Что произошло в следующий миг — Мегатрон не осознал. Просто внезапно его прошило неведомым импульсом, и десептикон резко вильнул в сторону, прочь от человека, и проехал с добрый десяток метров, пока не остановился под пронзительный визг собственных шин. Сеймур Симмонс остался позади: он неподвижно лежал на асфальте, раскинув руки. Сканирование показало, что человек остался жив — его всего лишь зацепило по касательной — и его нужно немедленно добить. Но Мегатрон не мог двинуться с места. Он смотрел на показатели сканеров, вновь ощущая в искре те самые ужасающие пульсации, но, будто заколдованный, не мог им противопоставить свою ярость, как ни старался. Её словно окутало мощным коконом и сжало до размеров крохотной крупицы, лишив силы. Лорд чувствовал это. И чувствовал, как твёрдая воля покидает его, как неведомое Нечто в самой искре заставляет его сдать назад, обратно к человеку. Мегатрон замер перед ним в постыдной для себя нерешительности, ещё пытаясь перебороть это Нечто. Но оно уже правило его корпусом, отключая и мысли.

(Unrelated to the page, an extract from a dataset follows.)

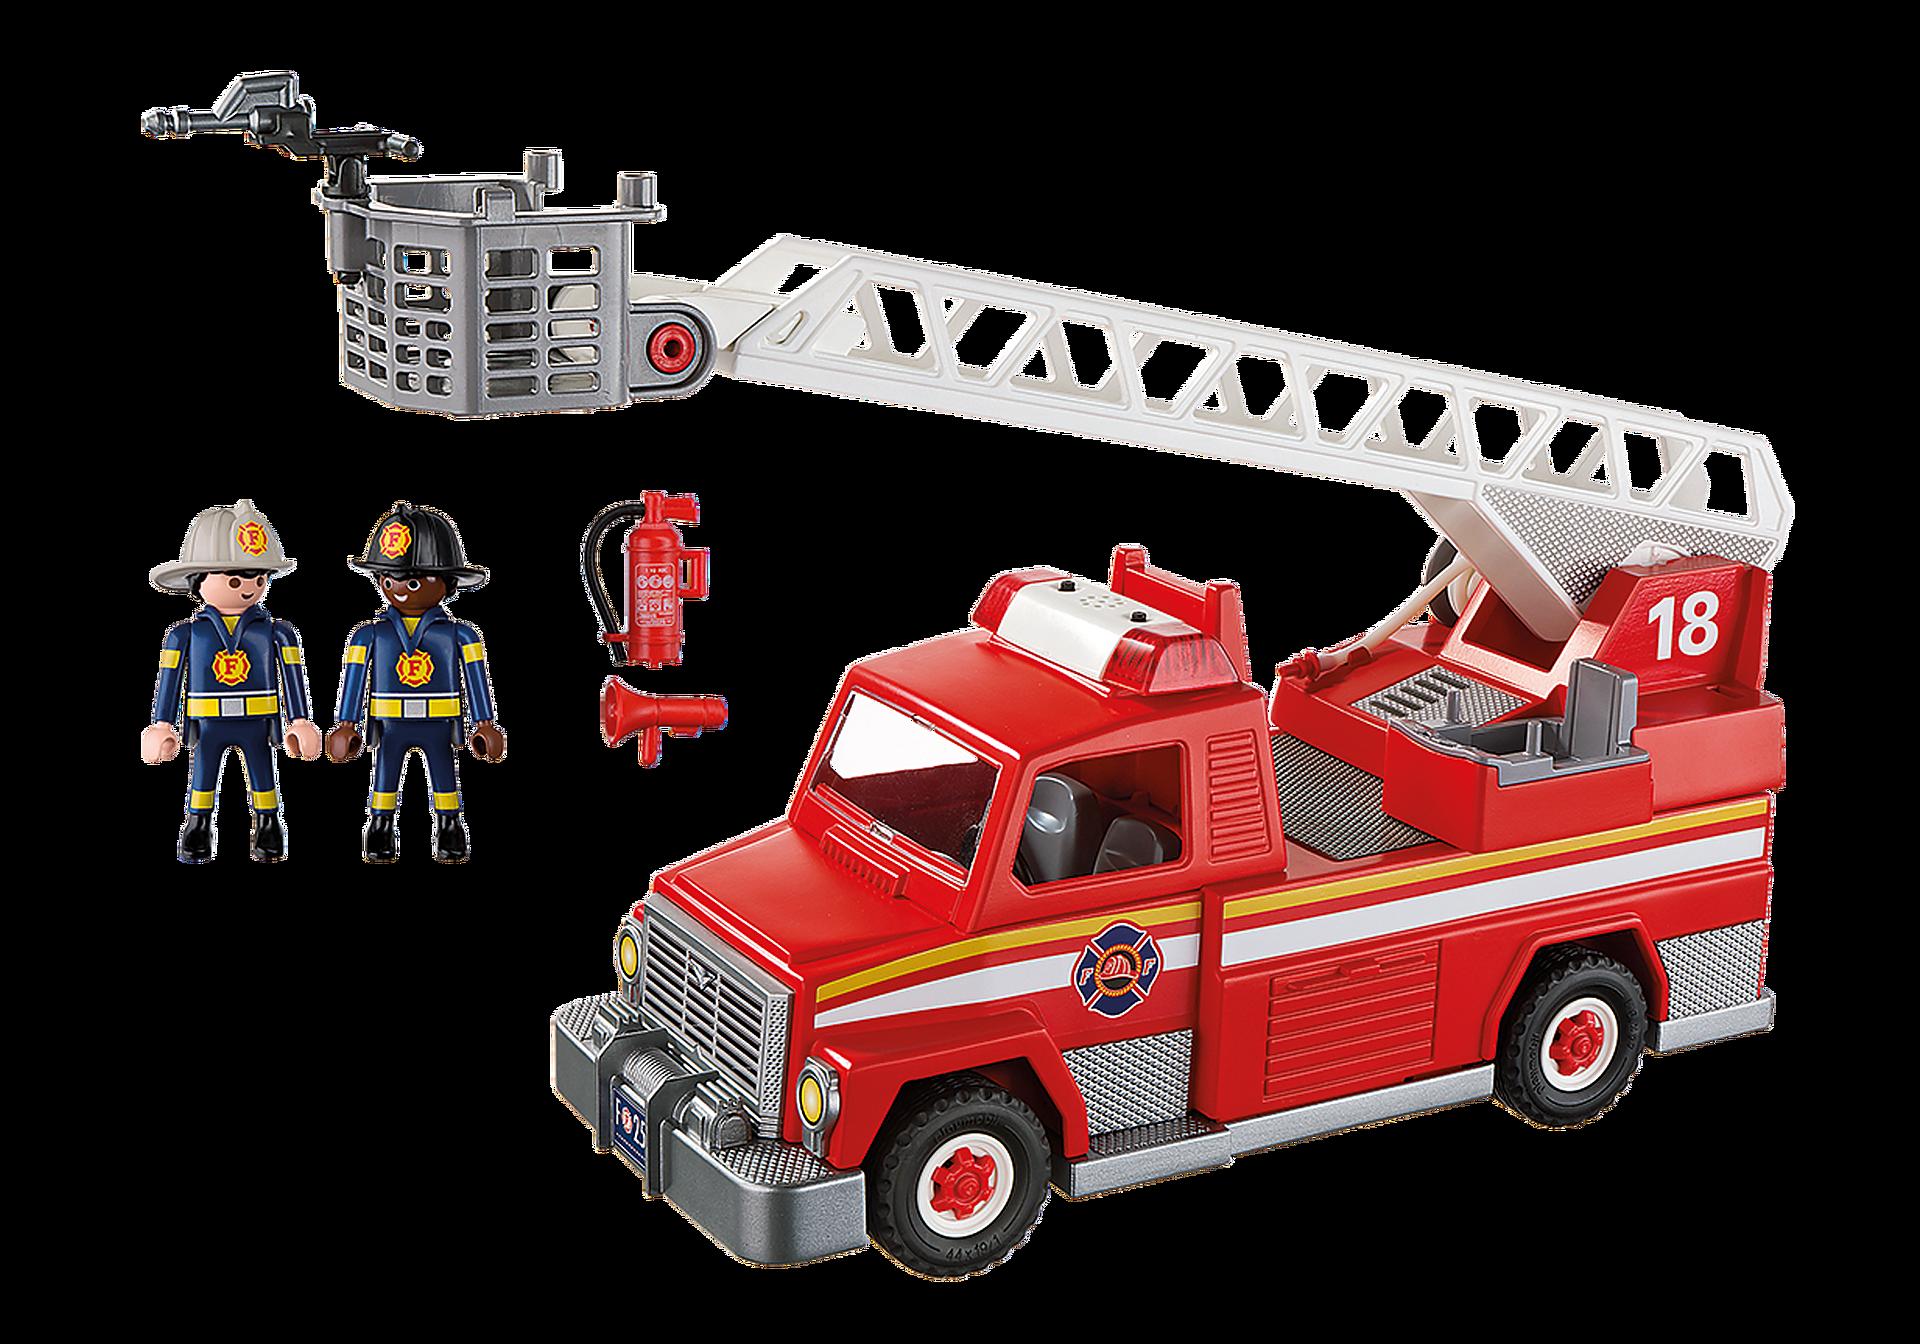 5682 Rescue Ladder Unit zoom image3

Мегатрон стал трансформироваться. Медленно, чтобы производить меньше шума, он изменялся, переставляя множества сегментов, чтобы в итоге принять свою андроформу, но ростом всего-то два с лишним метра. Массшифт — тайный талант, который Мегатрон скрывал даже от самых приближённых, исключая личного медика. Но даже в таком виде повелитель десептиконов оставался смертельно опасен. Безсознательный Сеймур Симмонс лежал прямо у его ног, Мегатрон мог его хоть раздавить, хоть пристрелить, но вместо этого он просто стоял и бездумно смотрел на человека. А затем он наклонился, взял белкового на руки, как невесту, и неспешно понёс его по направлению к жилищу. По дороге Мегатрон не смотрел по сторонам, только на Сеймура Симмонса — совершенно стеклянным взглядом. Всё, что он чувствовал, это тепло и едва ощутимый вес человеческого тела, да робкий, почти нежный гул под своей грудной бронёй. А в процессоре — тишина, только лязг шагов, казалось, отдавался слабым эхом. Так в молчании Мегатрон и донёс человека до порога. Постояв немного, он опустил ношу перед дверью и вдавил замеченный дверной звонок, в итоге раскрошив. После чего быстро трансформировался обратно в грузовик нормальных размеров и понёсся прочь из Вашингтона. Лишь за чертой города к Мегатрону вернулся рассудок, а вместе с ним — целый каскад эмоций: шок от произошедшего, ярость за провал, стыд, но больше всего — ужас от осознания одной истины… Мегатрон срулил с трассы и долго мчался вперёд по пустырям, будто пытаясь от неё сбежать. Остановился он только на рассвете у глубокого обрыва, с трудом подавив желание с него же и сброситься к шаркам. Поспешно трансформировавшись, Мегатрон рухнул на колени и в немой панике схватился за шлем, уставившись в потрескавшуюся землю. Тут впору сойти с ума: ведь он влюбился. Он, великий лорд войны, повелитель десептиконов, влюбился в какого-то человека! Бесповоротно! «О, Великий Юникрон!!!»